Here is my dating history, which is relevant to my question.
First love: age 18, serious, 8 months
College sweetheart: age 20, serious, 3 years
Rebound: Age 21, confused, 5 months
Wife: Age 23, serious, penpal for 4 years, dated 3 weeks...then married for 12 years.
I am newly divorced, dating a woman seriously for the last 5 months. We kinda broke up once 2 months ago, but this past weekend we seriously called it quits. But this time I swallowed my pride and begged for forgiveness, and she forgave me. Now we are together, but I'm kinda worried.

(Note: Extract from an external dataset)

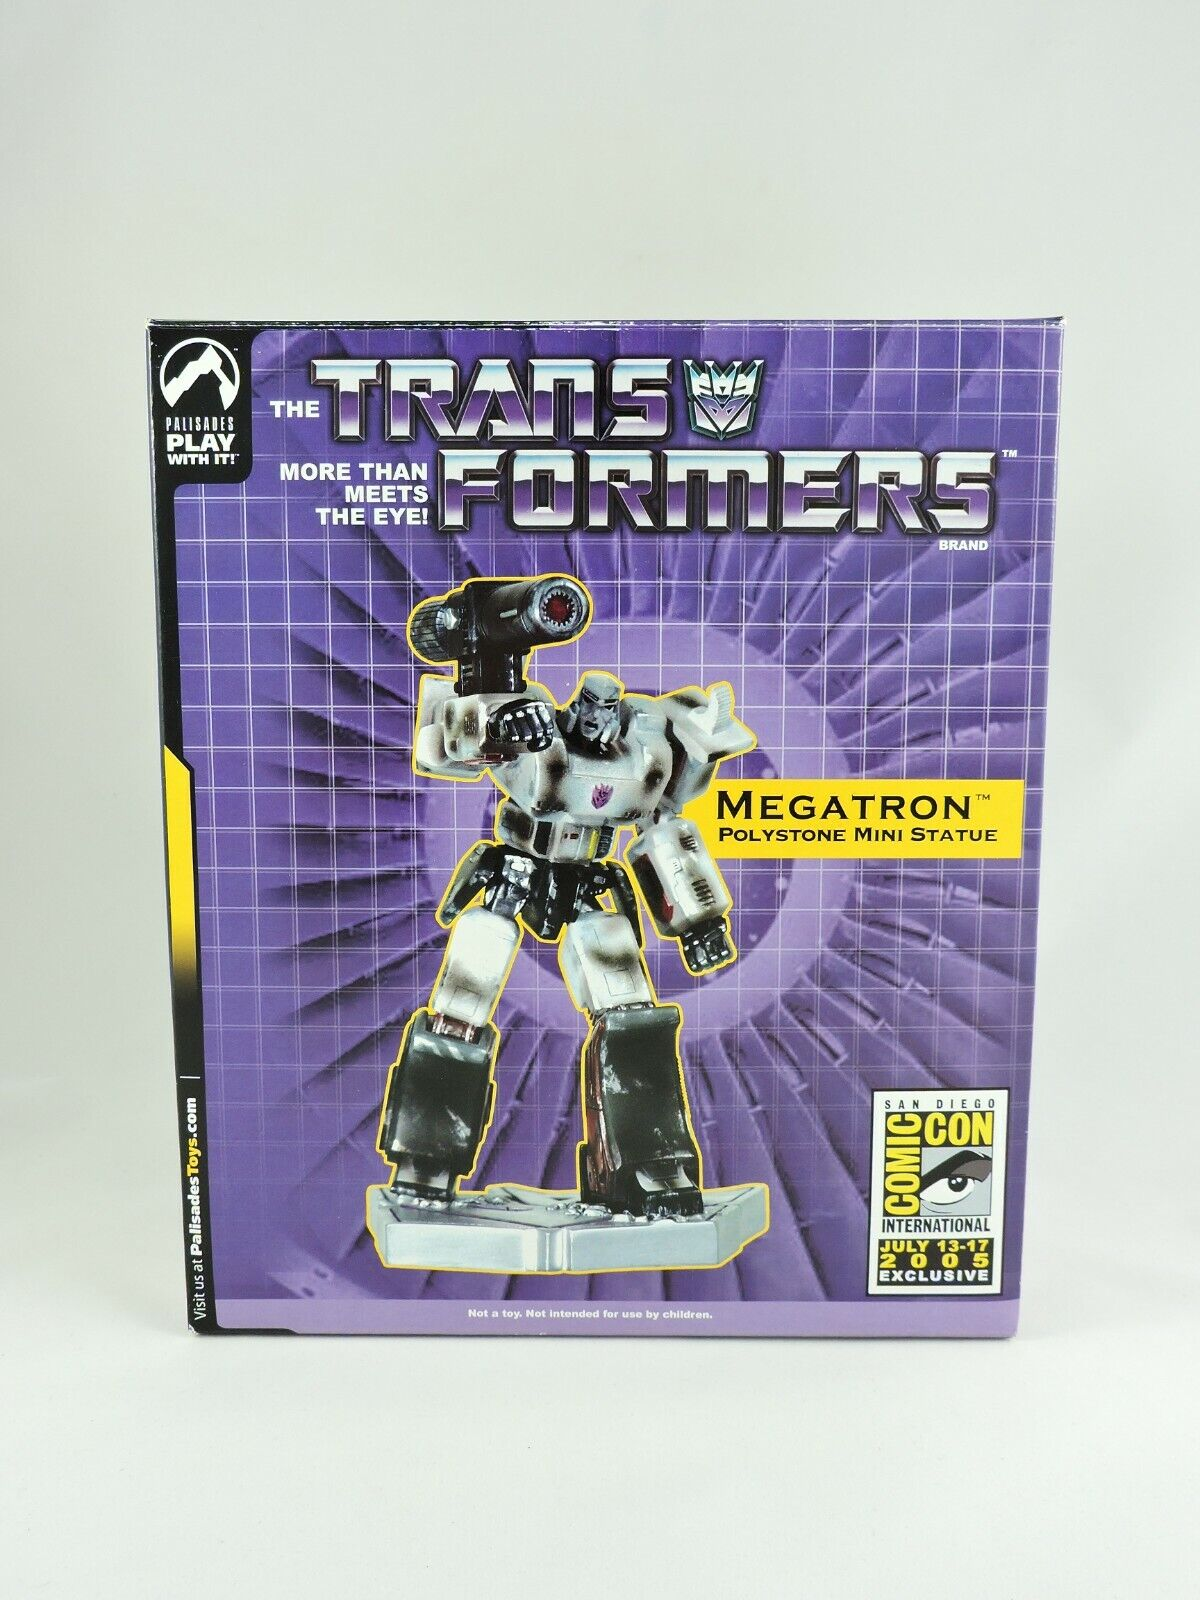 Megatron Polystone Statue Transformers 2005 San Diego comic-con Artist Proof 34 120 Palisades 6

I am 35, and she is 38. We both are newly divorced with 2 small kids. Sometimes I feel the stress around us is affecting our relationship. I also feel maybe I am attached too soon, and maybe we are not ready for this. My feelings waiver back and forth, but it always comes back to the conclusion that I love her deeply and I want to spend my life with her. She and I are very compatible, but opposite personalities. The sex is amazing...beyond comprehension for both of us. We are deeply connected intellectually, emotionally and physically. It seemed so perfect just a few weeks ago, to the point where she asked me, "so whats the catch?....I've never met a man THIS perfect for me.....I can't even create a guy in my head more perfect than you." I was seriously pleased, as I felt the same way about her. You can call it honeymoon phase or whatever, but I thought we are mature enough to know what we want. We are not teenagers or inexperienced people....so I trust her perspectives.
My only insecurity at this point is how to I regain her trust again after this last big fight. I know people will always remember the hurt. I feel like such a dope because I don't know how to date anymore. I am like me when I was 18....so unsure and scared that she can never put stuff behind us. I didn't cheat. I didn't beat her. I didn't play mind games. I just said something very mean, which I clearly did not mean. I hurt her deeply, and I've been regretful. I took steps immediately to effect change. I went to a doctor to make sure I was not sick. I rearranged my plans so that I can be clearer about our future. I had a major attitude adjustment because I dont want any past hurt between us anymore.
Question: How does a woman truly forgive a man, after seeing the most wicked side of him? She told me that her image of me shattered that day when I said those incredibly mean and malicious things to her. I wasn't feeling well. She wasn't feeling well. Everything amplified. Has anyone ever survived such a big fight? I did it often with my ex-wife, and we stayed together for years because quitting wasn't so easy. But I think it's easier to quit when you are only dating. I hate this part.